_Recorded data_:
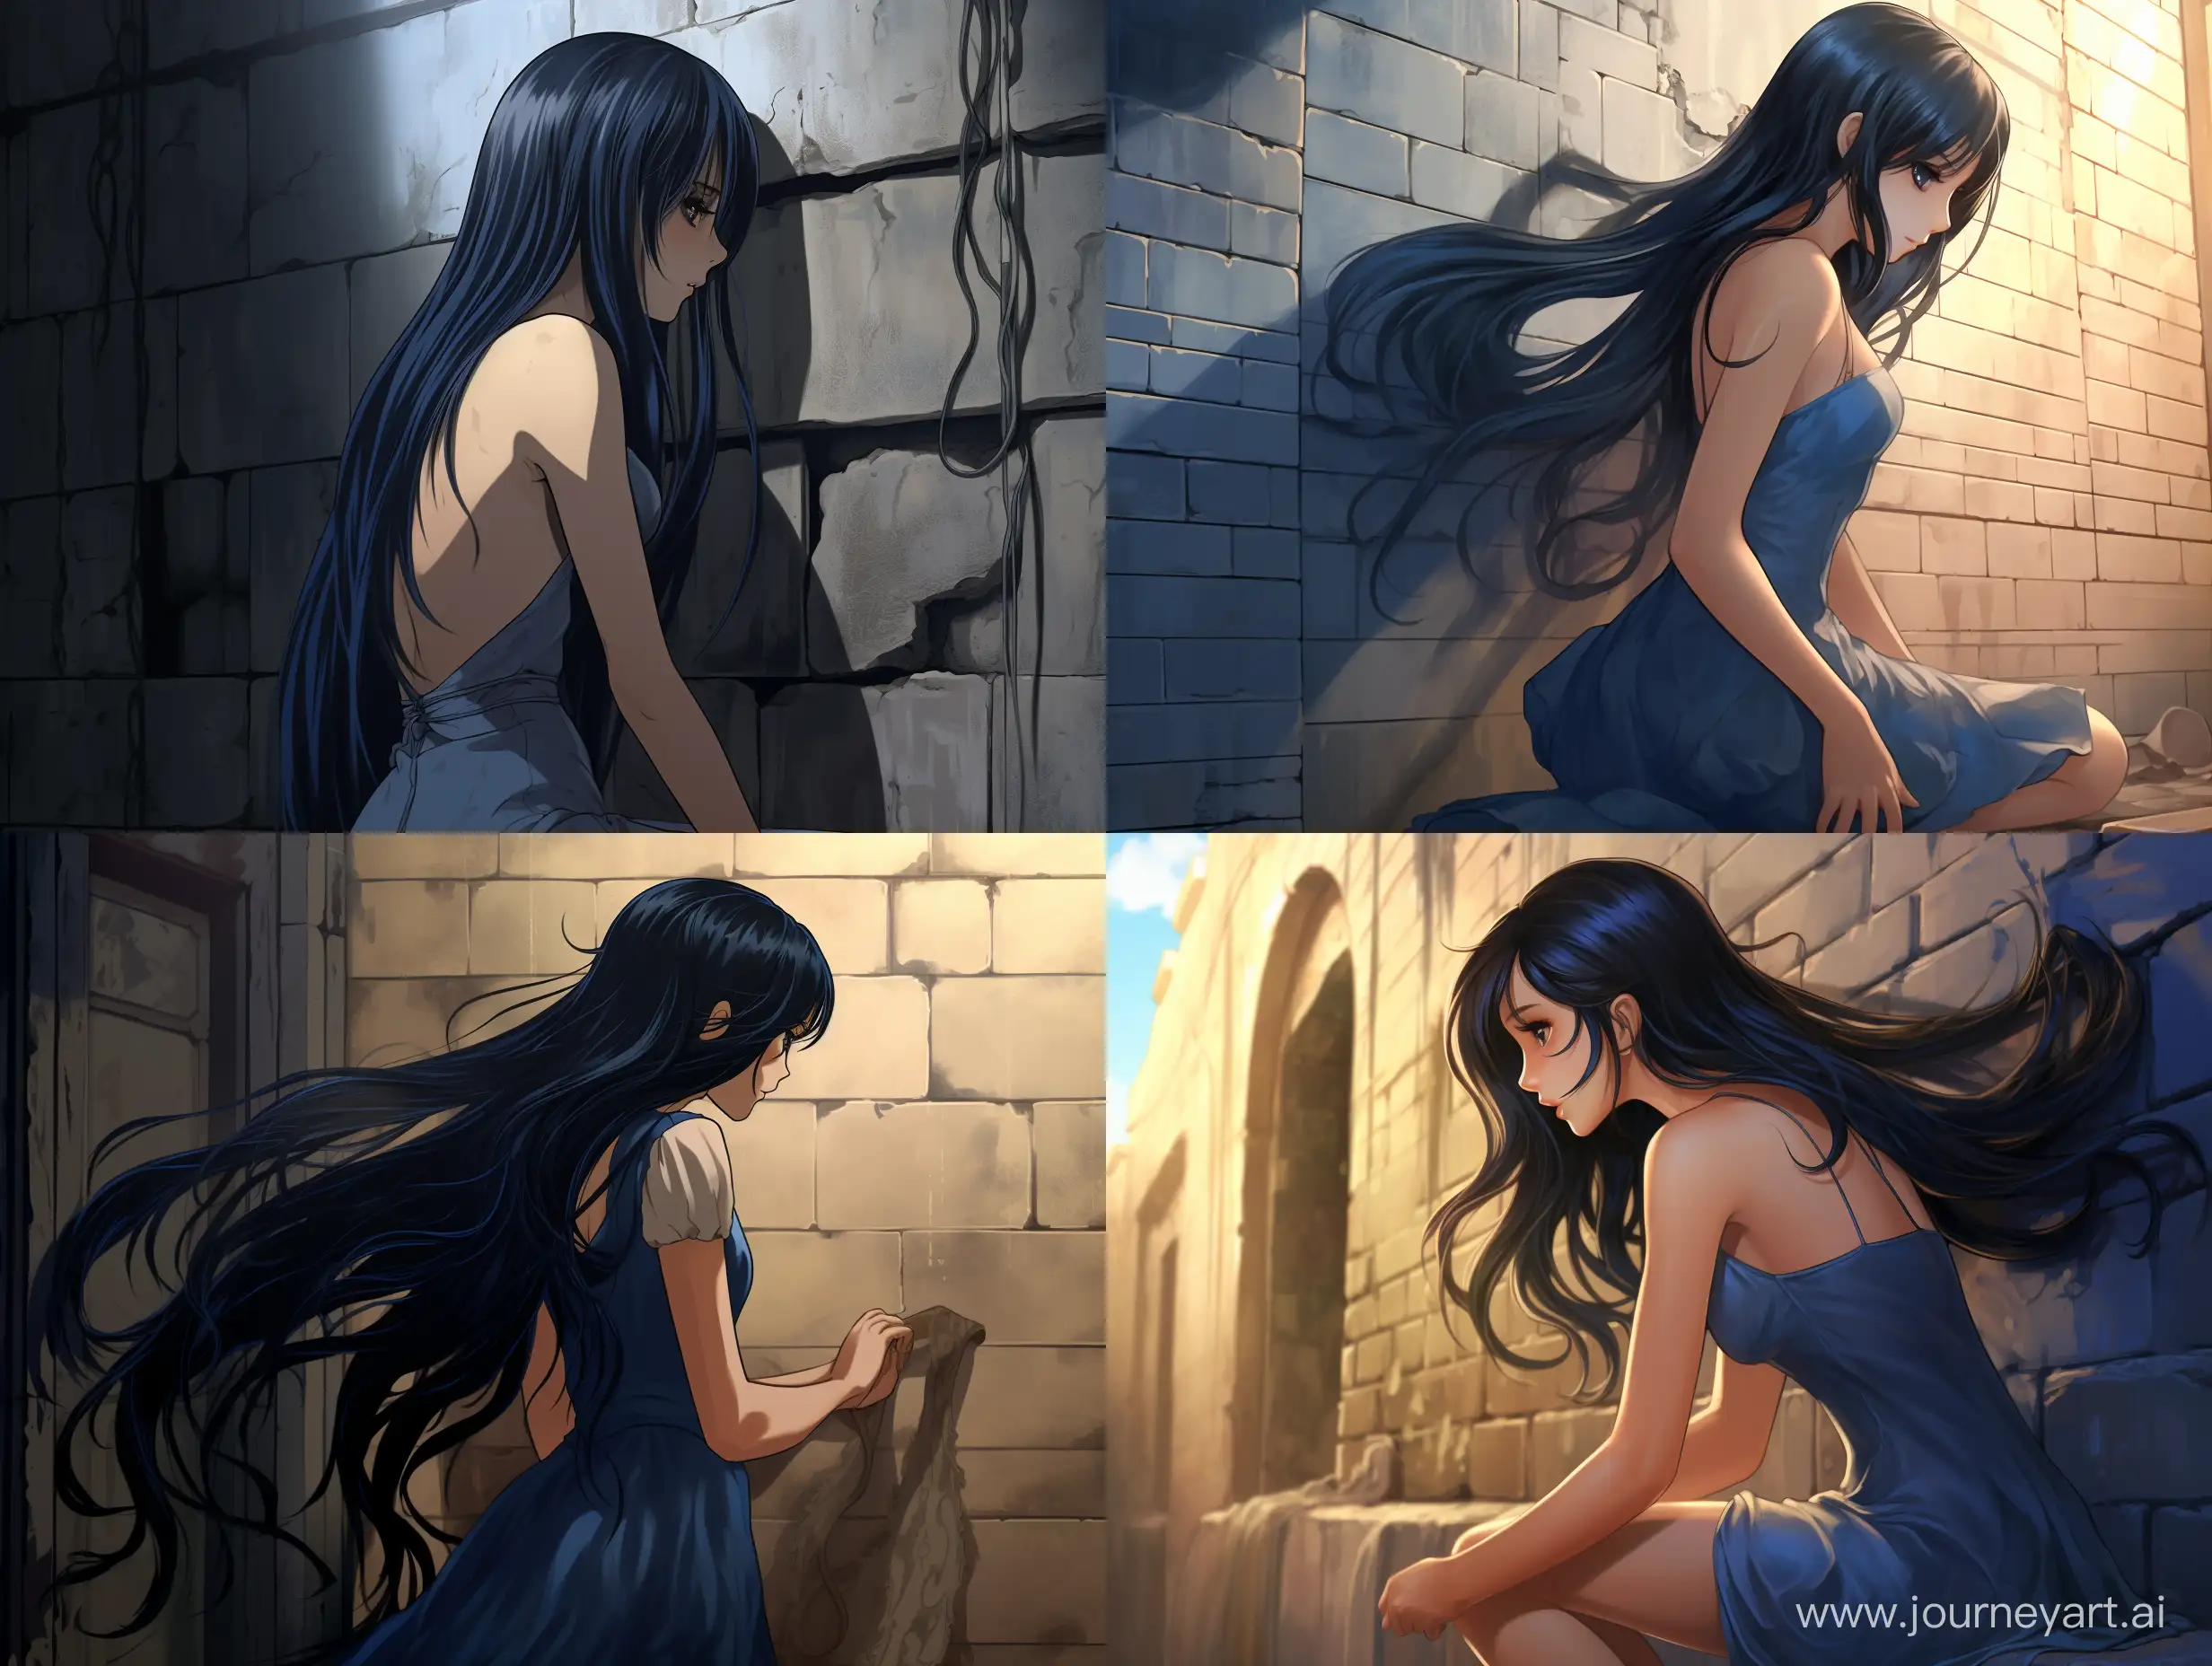 Elegant-Anime-Girl-in-Blue-Dress-Leaning-Against-Wall-with-Long-Black-Hair
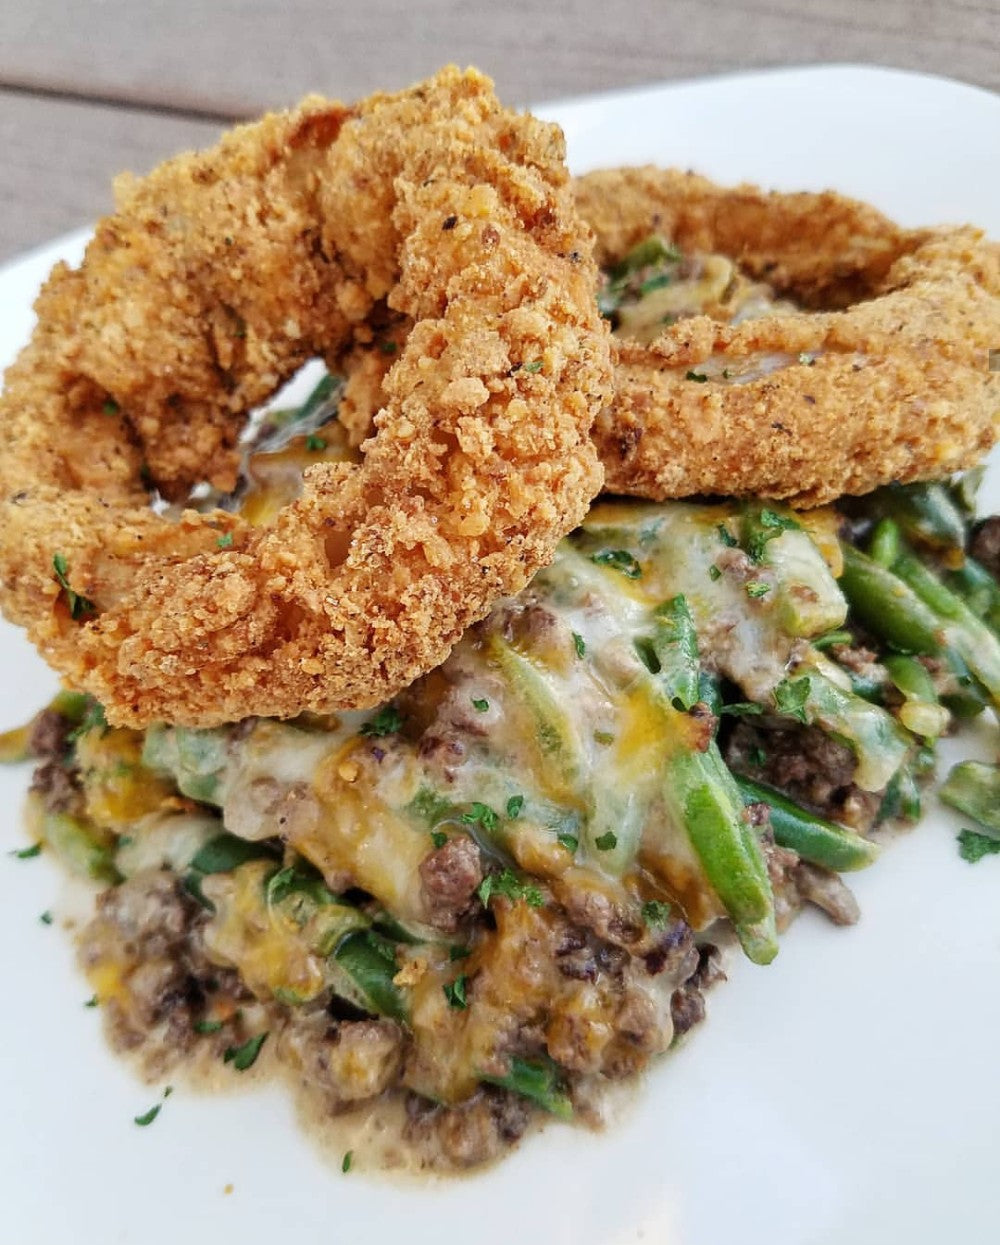 Ground Beef Bake with Crispy Onion Rings by @LowKarbKhaleesi
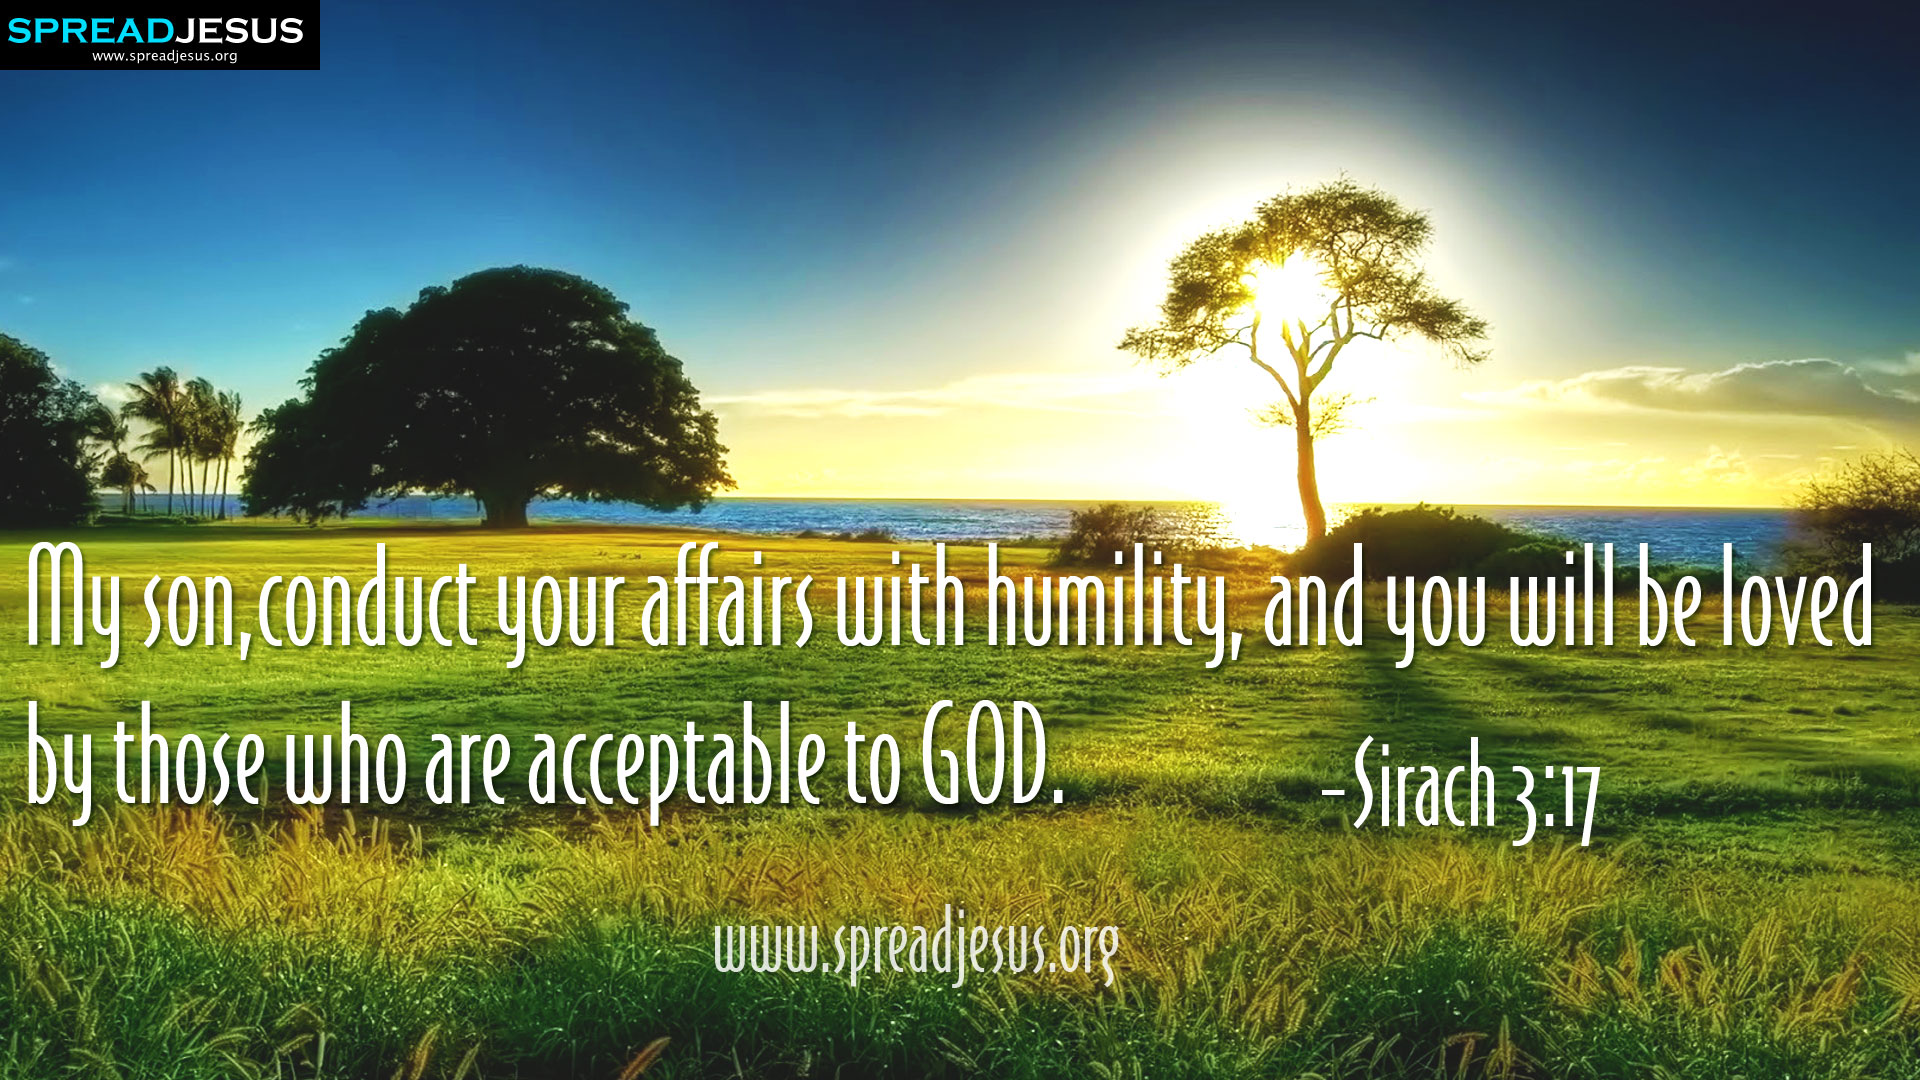 My sonconduct your affairs with humility and you will be loved by

_What the task requires_:
Return every line of the listing exactly, leaving its pictures behind.

_Solution to this task_:
 Elegant-Anime-Girl-in-Blue-Dress-Leaning-Against-Wall-with-Long-Black-Hair
 Ground Beef Bake with Crispy Onion Rings by @LowKarbKhaleesi
 My sonconduct your affairs with humility and you will be loved by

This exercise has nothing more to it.